Requirement: Each line of the listing, apart from the pictures, is to be printed exactly.

Recorded information:
● ● ●
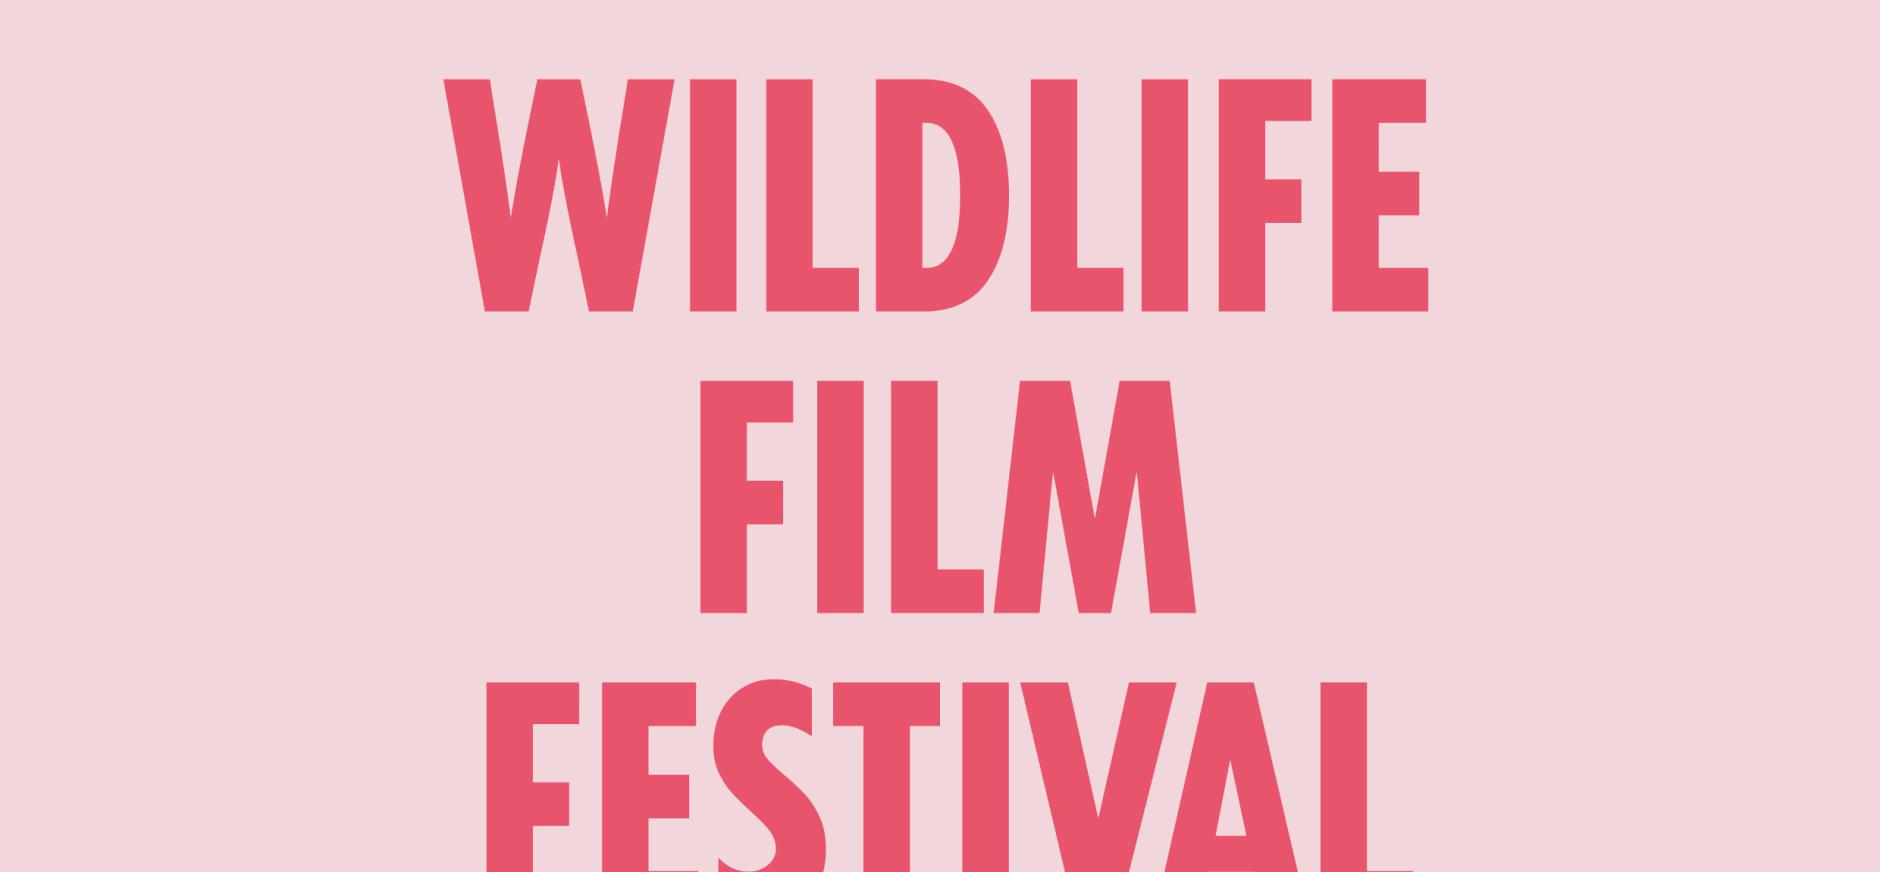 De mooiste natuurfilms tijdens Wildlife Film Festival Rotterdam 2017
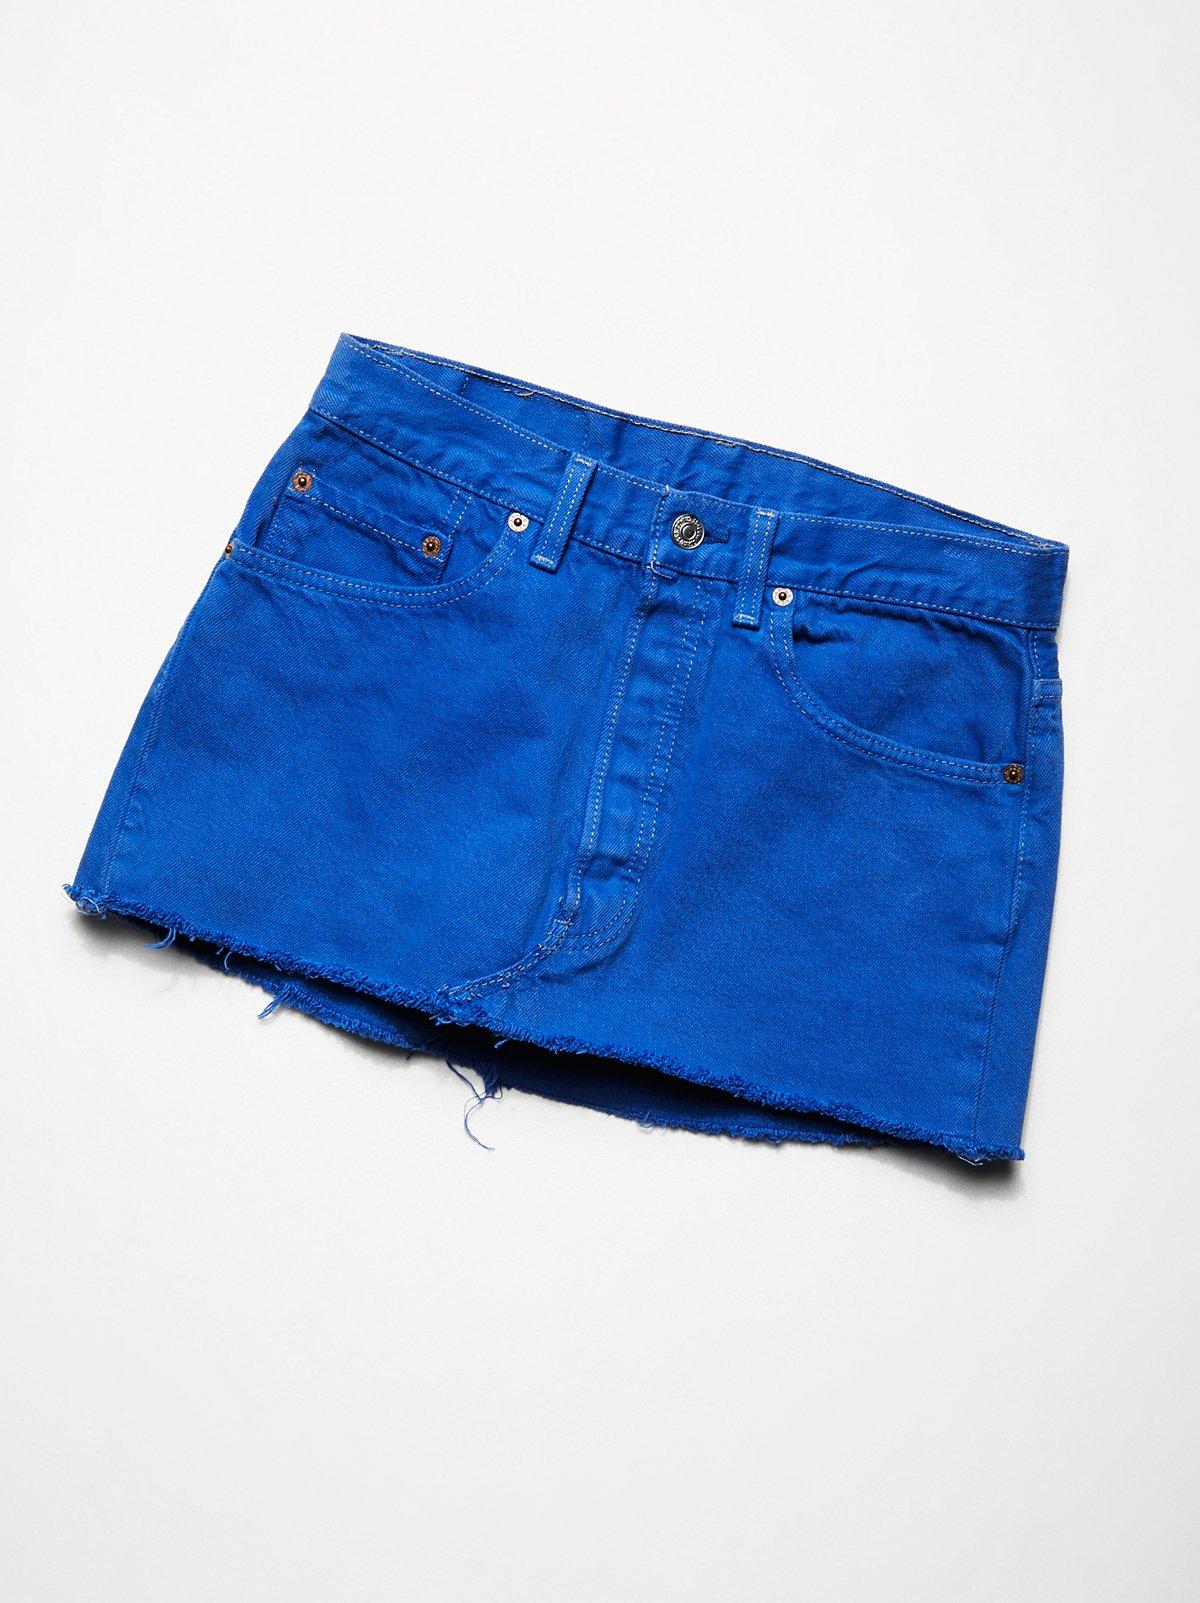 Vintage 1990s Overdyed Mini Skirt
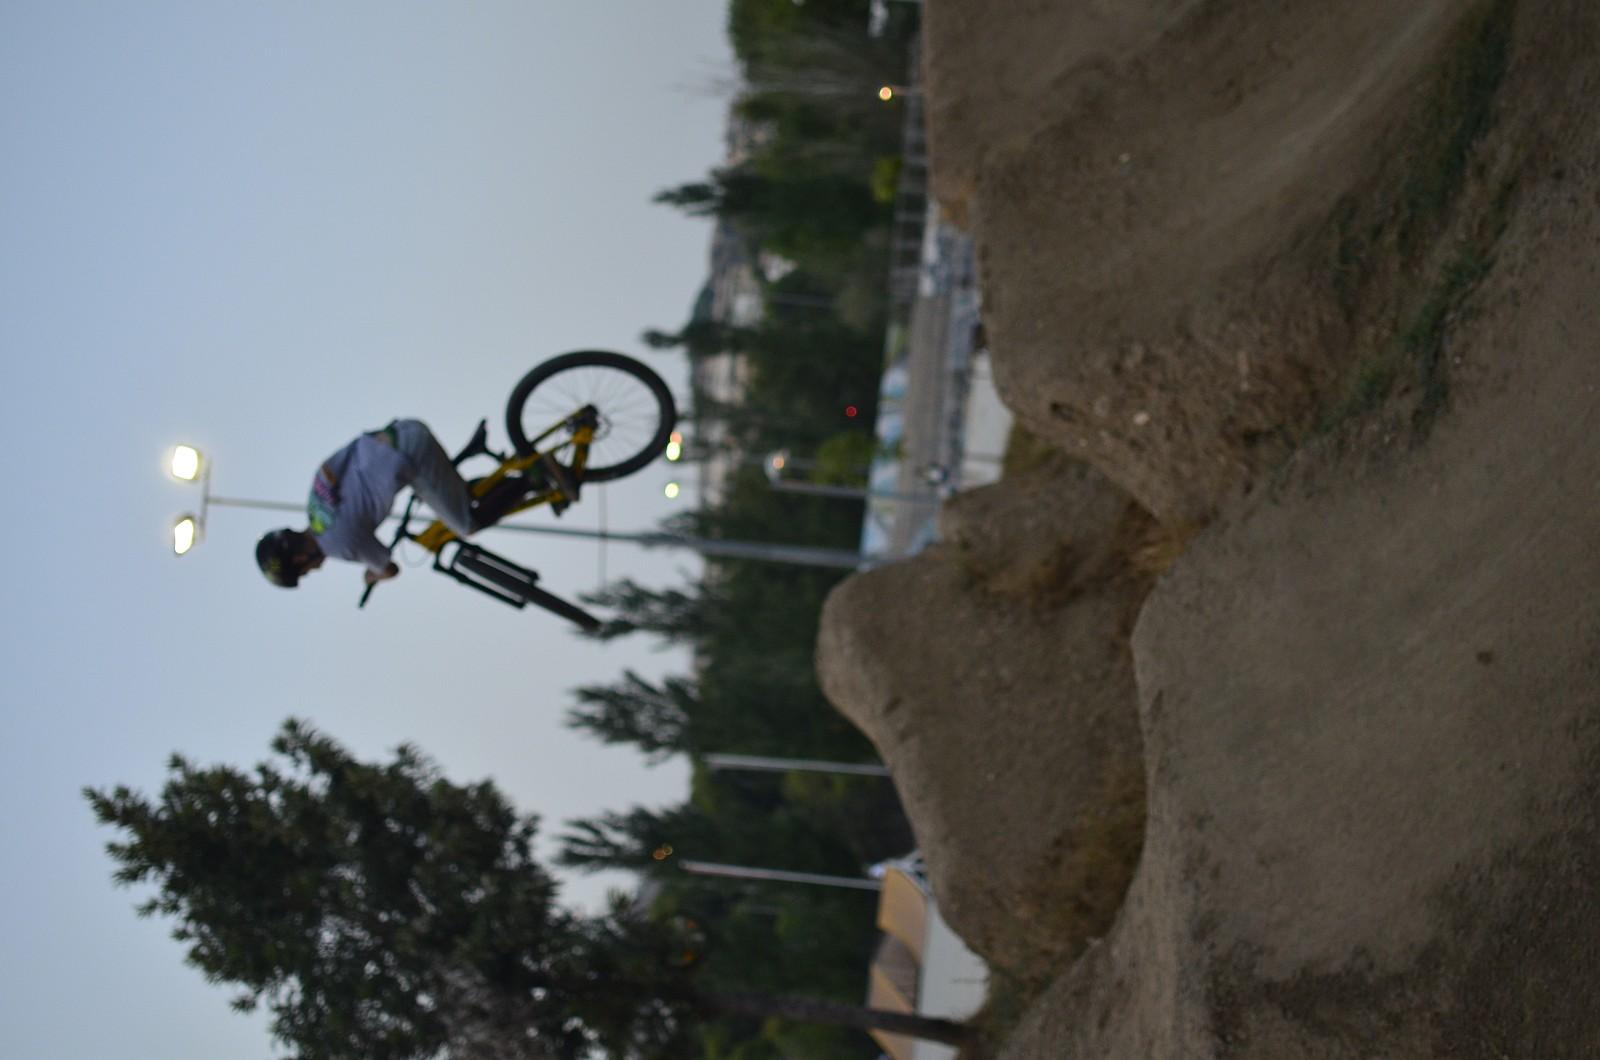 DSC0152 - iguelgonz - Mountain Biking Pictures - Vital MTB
● ● ●
Solved exercise:
 De mooiste natuurfilms tijdens Wildlife Film Festival Rotterdam 2017
 Vintage 1990s Overdyed Mini Skirt
 DSC0152 - iguelgonz - Mountain Biking Pictures - Vital MTB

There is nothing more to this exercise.